Question

Implementation of MultiAssayExperiment and curatedTCGAData R packages for quering and prosessing multi-omics cancer datasets

0

Entering edit mode

svlachavas ▴ 830

@svlachavas-7225

Last seen 6 months ago

Germany/Heidelberg/German Cancer Resear…

Dear Community,

based on an ongoing project about the evaluation of multi-omics data integration methodologies for the identification of biomarkers and causative pathways in distinct cancer types, we are currently utilizing the R packages MultiAssayExperiment and curatedTCGAData, to fetch and utilize specific multi-omics cancer datasets. Based on an illustrative example with the TCGA-COAD cohort:

coad.updated <- curatedTCGAData(

    diseaseCode = "COAD",

    assays = c(

       "RPPAArray","Mutation",
       "RNASeq2GeneNorm",
       "GISTIC_ThresholdedByGene"

    ),

    dry.run = FALSE

)

My major questions based on the downstream pre-processing and utilization of MAE objects related to specific TCGA projects:

1) My first question is about the data processing steps for specific layers, such as the RNA-Seq expression data, which is this case is called "RNASeq2GeneNorm", and from the relative description, is matched to “Upper quartile normalized RSEM TPM gene expression values”-regarding the expression values, did you implement any further transformation steps ?

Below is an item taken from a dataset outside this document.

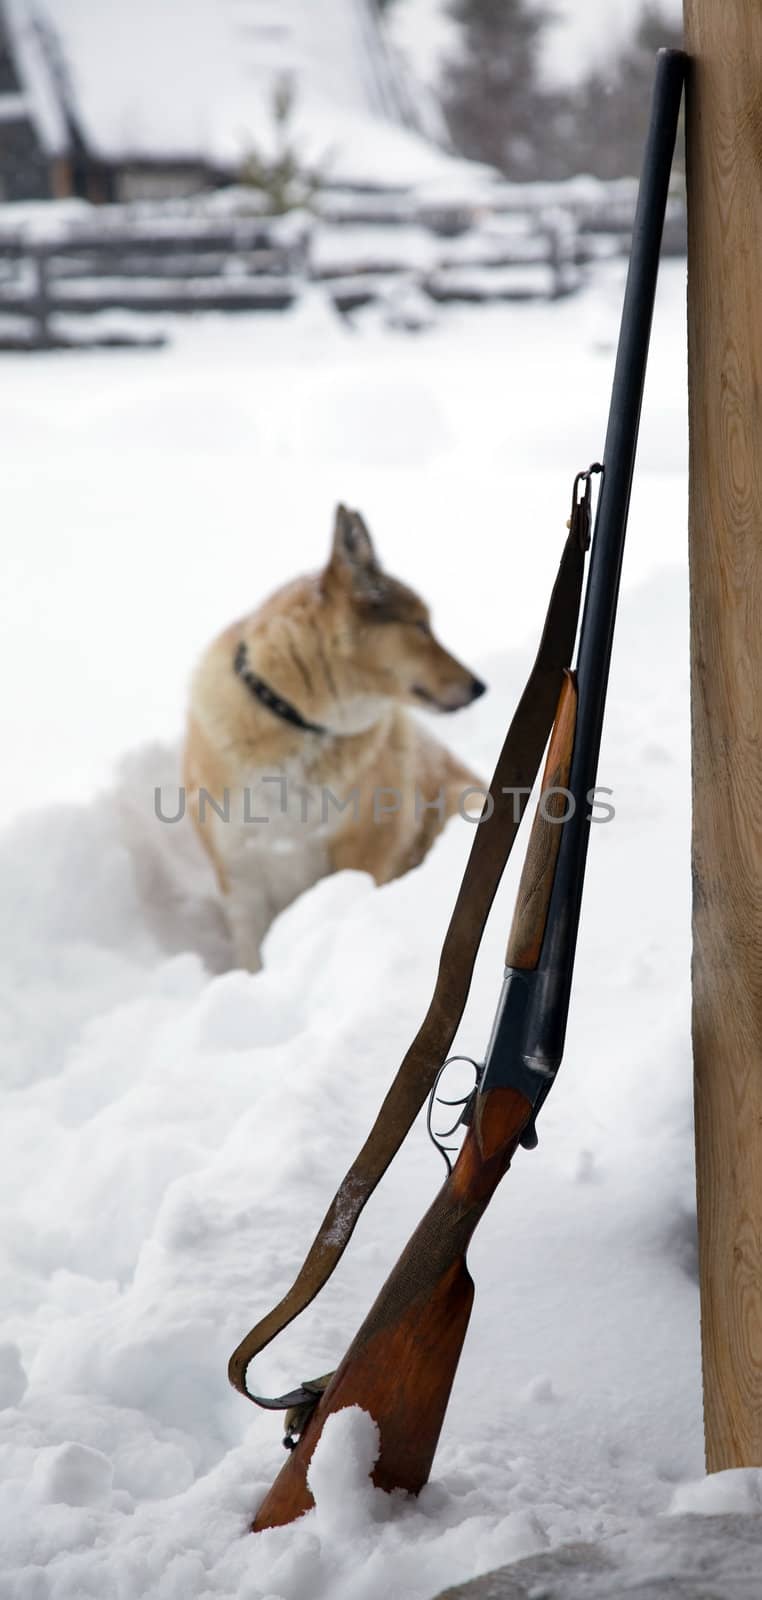 The dog next to a shotgun by AleksandrN

From the relative links of broad institute & firebrowse: https://broadinstitute.atlassian.net/wiki/spaces/GDAC/pages/844334346/Documentation#Documentation-RNAseqPipelines & http://firebrowse.org/

in the respective rna-seq pipelines, it has a part called mRNAseq_preprocessor, which also mentions log2-transformation- however, from checking the expression below:

exp.coad <- coad.updated[,,"COAD_RNASeq2GeneNorm-20160128"]
matrix.exp <- assay(exp.coad)
head(matrix.exp)
      TCGA-A6-2671-01A-01R-1410-07 TCGA-A6-2672-01A-01R-0826-07
A1BG                       25.4180                      60.7006
A1CF                       10.8359                      15.2866
A2BP1                       6.1920                       0.0000
A2LD1                     131.2848                     305.9618
A2ML1                       0.0000                       0.0000

range(matrix.exp)
[1]       0 1865036

it seems that the values have not been log2-transformed-thus, these expression values represent only rsem estimated counts but also on a scaled version ? additionally, is there any link for the relative data pipelines used for each of the legacy data layers ?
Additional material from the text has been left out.